Мы долго думали и решили дать себе один шанс на чудо, поверив в успешные 75 %. Мы выбрали естественный путь. Сразу отмечу, что хоть это и была рискованная авантюра, но не на авось, а исключительно под контролем генетиков и с использованием всех необходимых анализов.

Беременность наступила, и вернулось хорошо знакомое липкое чувство страха и тревоги. В 11 недель, даже не сказав родителям, мы вновь отправились в Москву, как когда-то на первые роды, только теперь – для прокола, который вновь решит нашу судьбу.

Не буду вдаваться в подробности, ЧТО мы ощущали в эти месяцы до прокола и как пережили невероятно длинные дни в ожидании результата. Думаю, очевидно.

И вновь, как когда-то – пришедшее на электронную почту письмо, которого ждешь с замиранием сердца, а открываешь трясущимися руками. Анализ был готов раньше обещанного и пришел нам в субботу, когда мы не ждали. На календаре – 17 декабря. Это особенная дата. В этот день родился наш первый сын.

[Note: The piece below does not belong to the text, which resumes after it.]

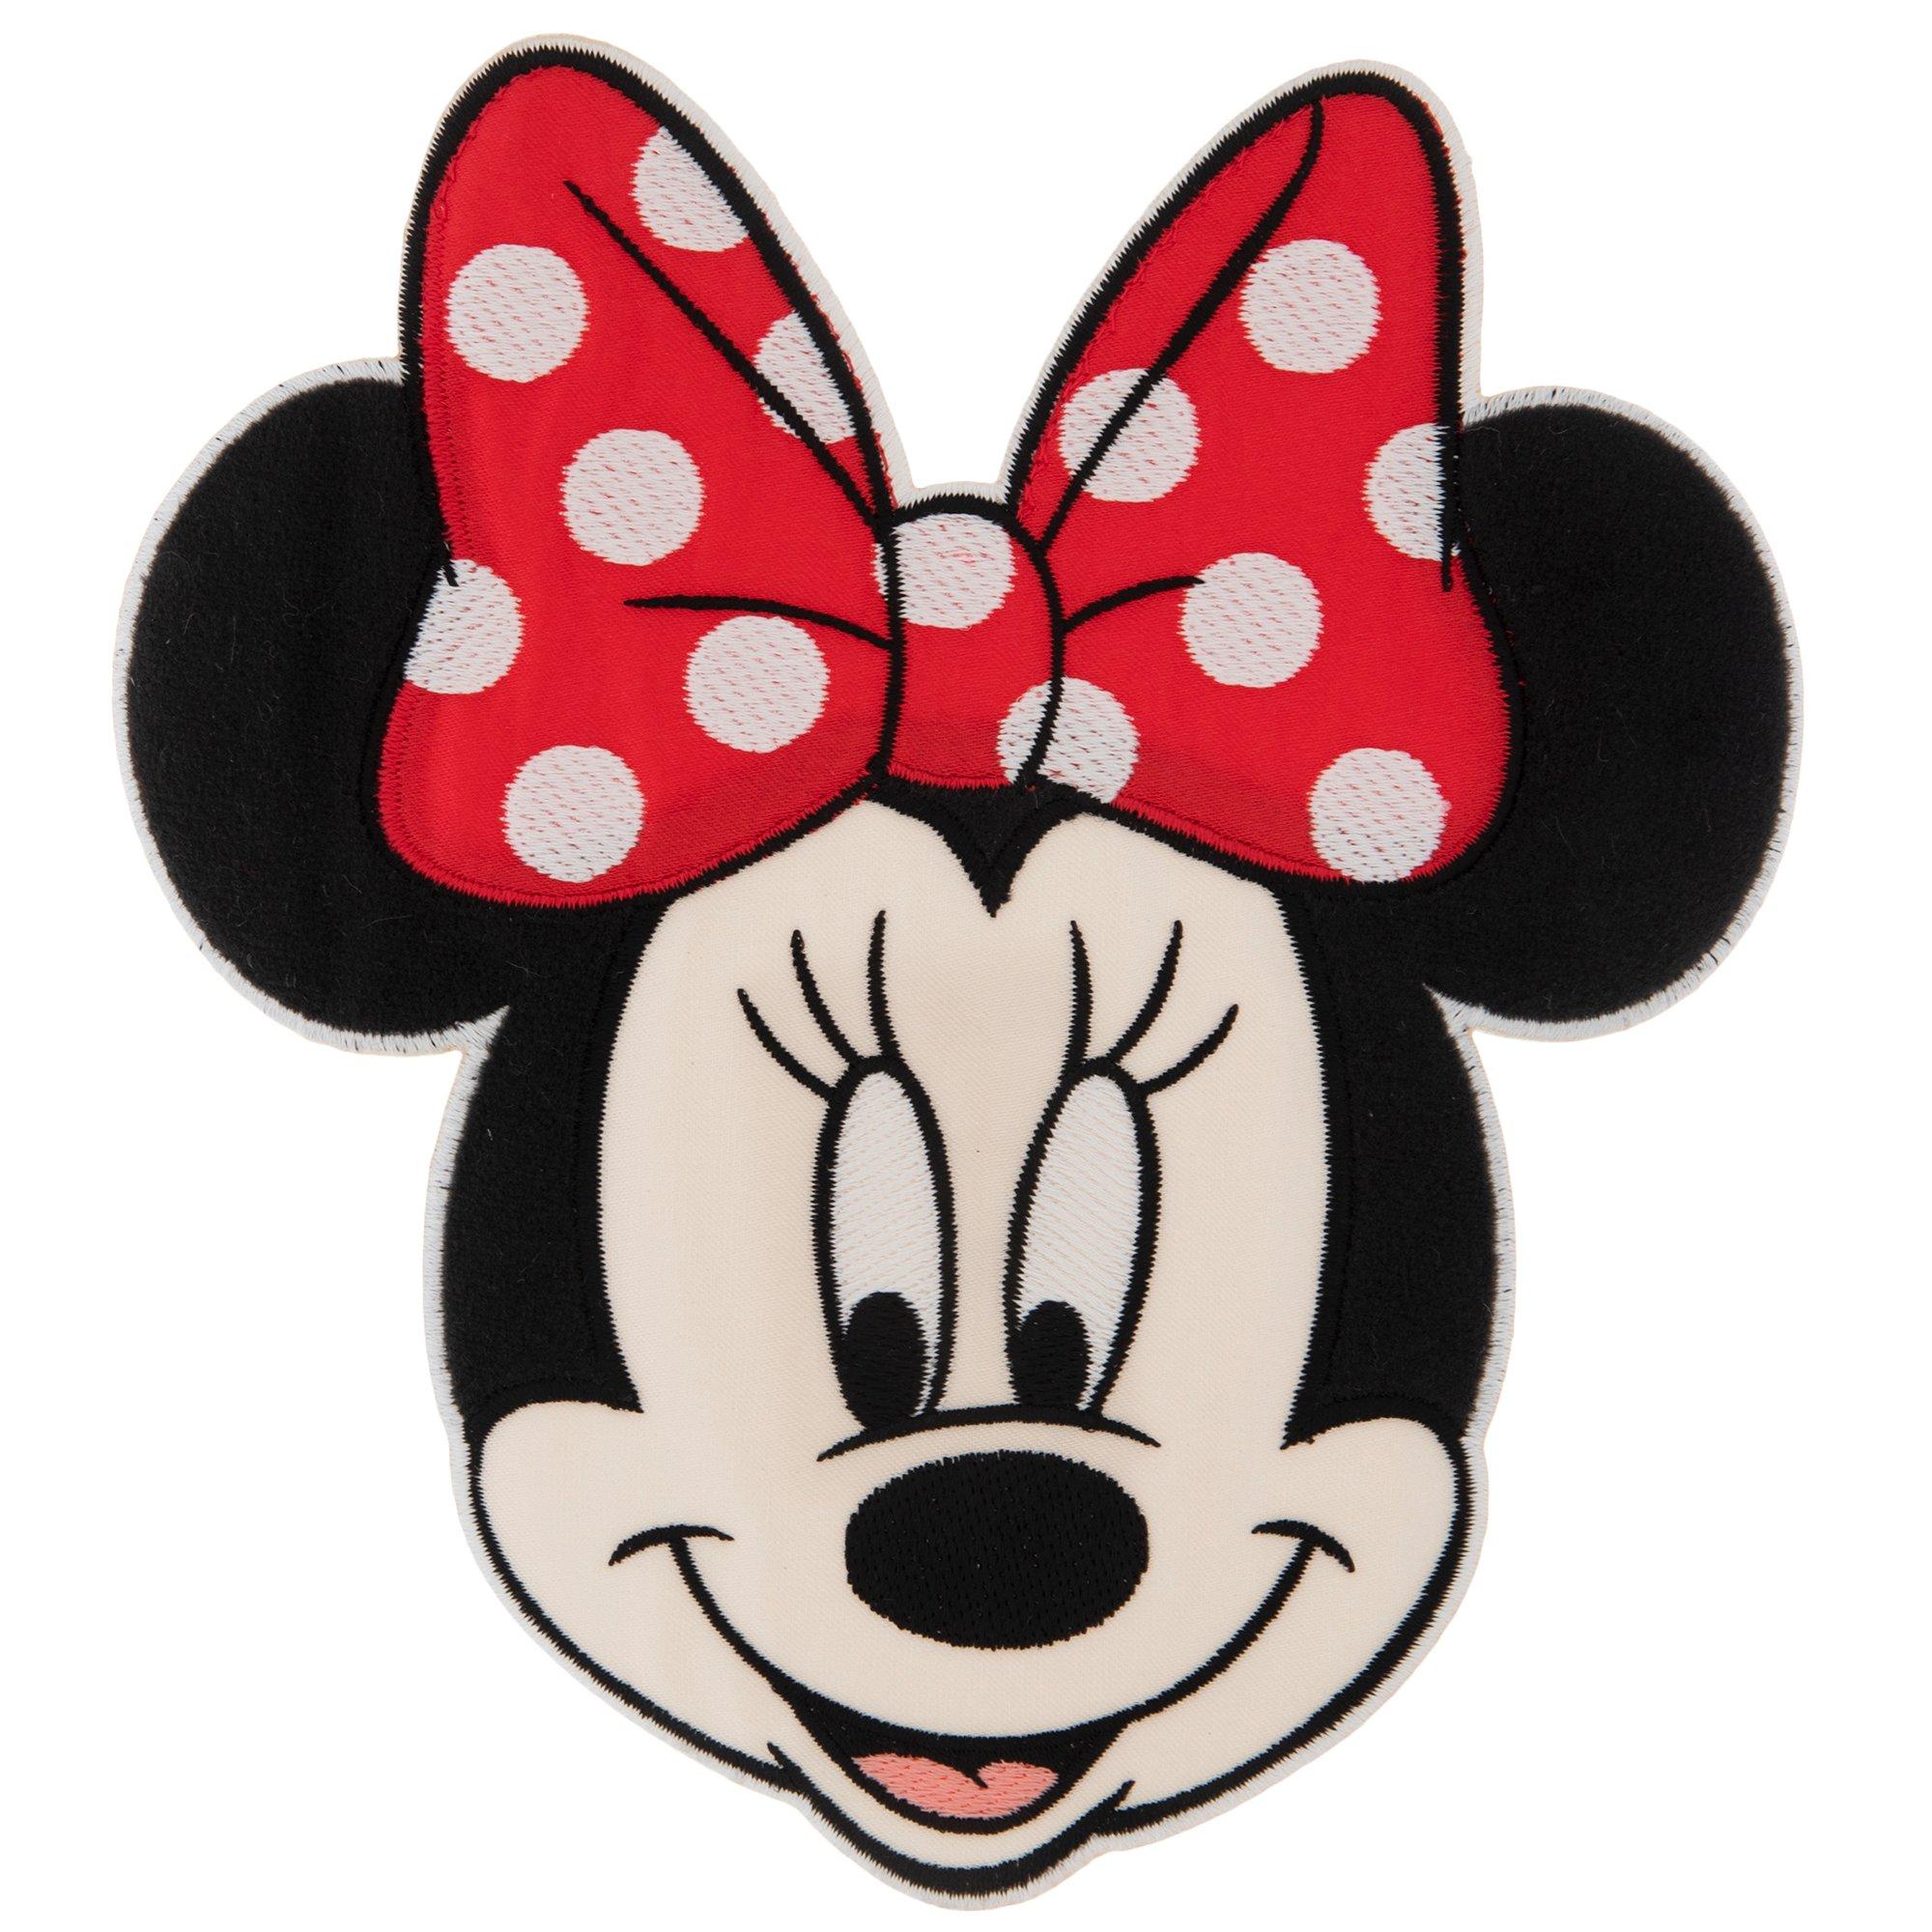 Disney Mickey Minnie Mouse Embroidered Patches on Clothes for Children  Stickers Cartoon DIY Sewing Pant Bag Clothing Kawaii Gift

Не знаю, можно ли после всего пережитого назвать нас везунчиками, но результат прокола оказался счастливым: на этот раз наш ребенок не унаследовал болезнь, а являлся лишь здоровым носителем гена, как мы.

Я совру, если скажу, что теперь абсолютно спокойна. Слишком много пережито, чтобы окончательно расслабиться, поверить в происходящее и радоваться раньше времени. Словно осторожный сапер, я все еще выверяю каждый свой шаг и боюсь оступиться. Я не знаю, что нас ждет впереди, ведь обычная «человеческая» декретная жизнь мне неведома. Но я точно знаю, что даже после самой темной ночи наступает рассвет.

На календаре — 28 июня 2023 года. Я дописываю эту статью и со дня на день отправляюсь в роддом навстречу нашему долгожданному счастью.

P.S. 10 июля Дарья и Евгений вновь стали родителями. На свет появилась их Вера.